Deliverables/Outputs:

Payment 1: 16%

  • Approved bi-monthly workplan and progress report.
  • Annual implementation plan and M&E framework developed indicating key milestones and timelines for deliverables.
  • HSSPV finalized and has prioritized high impact adolescent health interventions.
  • Comprehensive adolescent health situation analysis underway
  • ToR for development of comprehensive adolescent health strategy, M & E framework and operational plan developed and approved.
  • Comprehensive adolescent health situation analysis completed and report available.
  • Dissemination workshop conducted on youth friendly service guidelines and health care providers oriented on their use.
  • Dissemination workshop for school health and nutrition guidelines conducted service providers oriented on their use and linkages to youth friendly services enhanced.
  • Digital tools on adolescent health, supported during the elaboration process, launched, institutionalized, and scaled up through existing government structures and systems.

 

Payment 2: 16%

 

  • Approved bi-monthly workplan and progress report.
  • Adolescent Health Training Manual and Facilitators Guide validated and disseminated.
  • Youth friendly service guideline validated and disseminated.
  • School health and nutrition guidelines validated and disseminated.
  • Integrated adolescent-friendly health services package, including tools and SOPs developed in alignment with national YFS guidelines.

Payment 3: 16%

  • National ToT workshop on YFS Guidelines and Adolescent Health Training Manual conducted and plans for cascading training to decentralized levels available.
  • Capacity building of health care providers completed based on cascade plan.
  • Approved bi-monthly work plan and progress report.
  • Participation in strategic health information and system meetings and incorporation of adolescent specific indicators in routine data collection systems and surveys

 

Payment 4: 16%

  • Approved bi-monthly workplan and progress report.
  • Quarterly coordination meetings held with the UN, MCCH and relevant RBC divisions with agenda and minutes shared timely (4 by end of the assignment)
  • ToR for ASRH TWG updated to include broader adolescent scope and multi-sectoral coordination.
  • Bi-monthly ASRH TWG meetings convened by RBC MCCH involving other RBC divisions, line ministries and partners with agenda and minutes shared timely (6 by end of assignment)
  • ToR for Youth Advisory Council strengthened to comprehensively address adolescent health issues (HIV, SRHR, Mental Health etc).
  • Youth Advisory Council meetings held (at least 3 by end of assignment)

Payment 5: 16%

  • Approved bi-monthly workplan and progress report.
  • Integrated community and school-based adolescent health (SRHR, HIV, mental health, NCDs, life skills) packages of IEC materials finalized, validated, and disseminated for use.

Payment 6: 20%

  • Approved bi-monthly workplan and progress report.
  • 4 quarterly monitoring and supportive supervision visits conducted, and key issues noted for action.
  • Knowledge management products produced and disseminated (at least 1 policy brief, 1 success story, 1 publication, 1 abstract by end of assignment.

Duration and Location

The consultancy will be for 12 months from July 2024 to June 2025 and the consultant will be based in RBC.

Selection Criteria

Applications shall be assessed based on their technical and financial proposals. Maximum scores for technical and financial applications will be 75% and 25%, respectively.
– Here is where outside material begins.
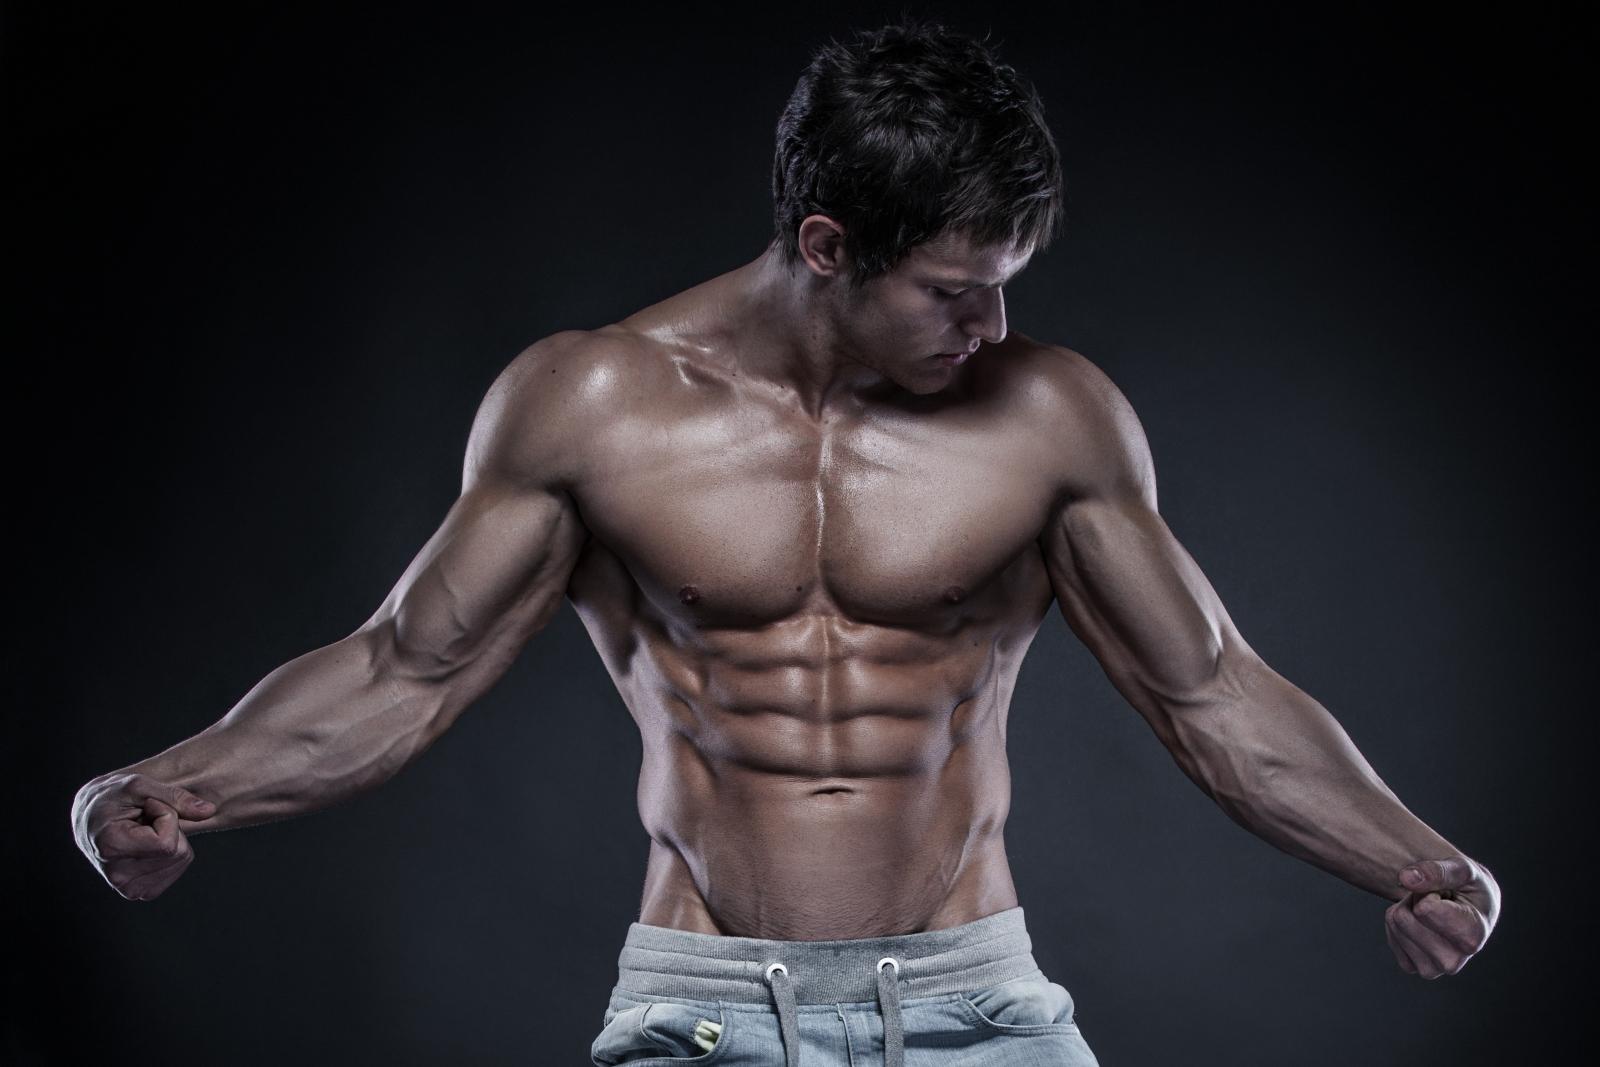 چگونه حجم عضلات را در کمتر از 4 هفته افزایش دهیم؟

Successful candidates in technical evaluation will be requested to send their most competitive, all-inclusive financial proposals.

 

To qualify as an advocate for every child you will have… 

  • An advanced university degree (Master’s or higher) in Public Health, Epidemiology, Reproductive Health including clinical background (medical, nursing or midwifery). Having social sciences background would be of added value. Candidates with a first degree (Bachelors) in relevant fields may also be considered if they have at least 5 years of experience in related fields.
  • At least 5 years of professional experience implementing and/or supporting reproductive health programmes at national or sub-national levels.
  • Proven experience working with and for adolescents and young people, and track record of successful implementation of similar programmes in Rwanda.
  • Demonstrate a commitment to gender equality and the ability to integrate gender perspectives into health programmes, ensuring that both male and female adolescents benefit equally from health services and interventions.
  • Experience to mentor health providers using competency-based approaches, as well as experience in training health workers in clinical aspects related to adolescent health.
  • Ability to work with senior MoH officials, executive of civil society organizations, senior members of development partners on adolescent health issues including SRHR.
  • Demonstrated in-depth understanding of the Rwandan Health care system.
  • Ability to coach, mentor, and develop technical capacity in national programmes and technical staff in adolescent health.
  • Strong oral and written communication and presentation skills in English and Kinyarwanda. The knowledge of French language is of added value.
  • Strong skills in word processing, excel spreadsheets and power point presentation.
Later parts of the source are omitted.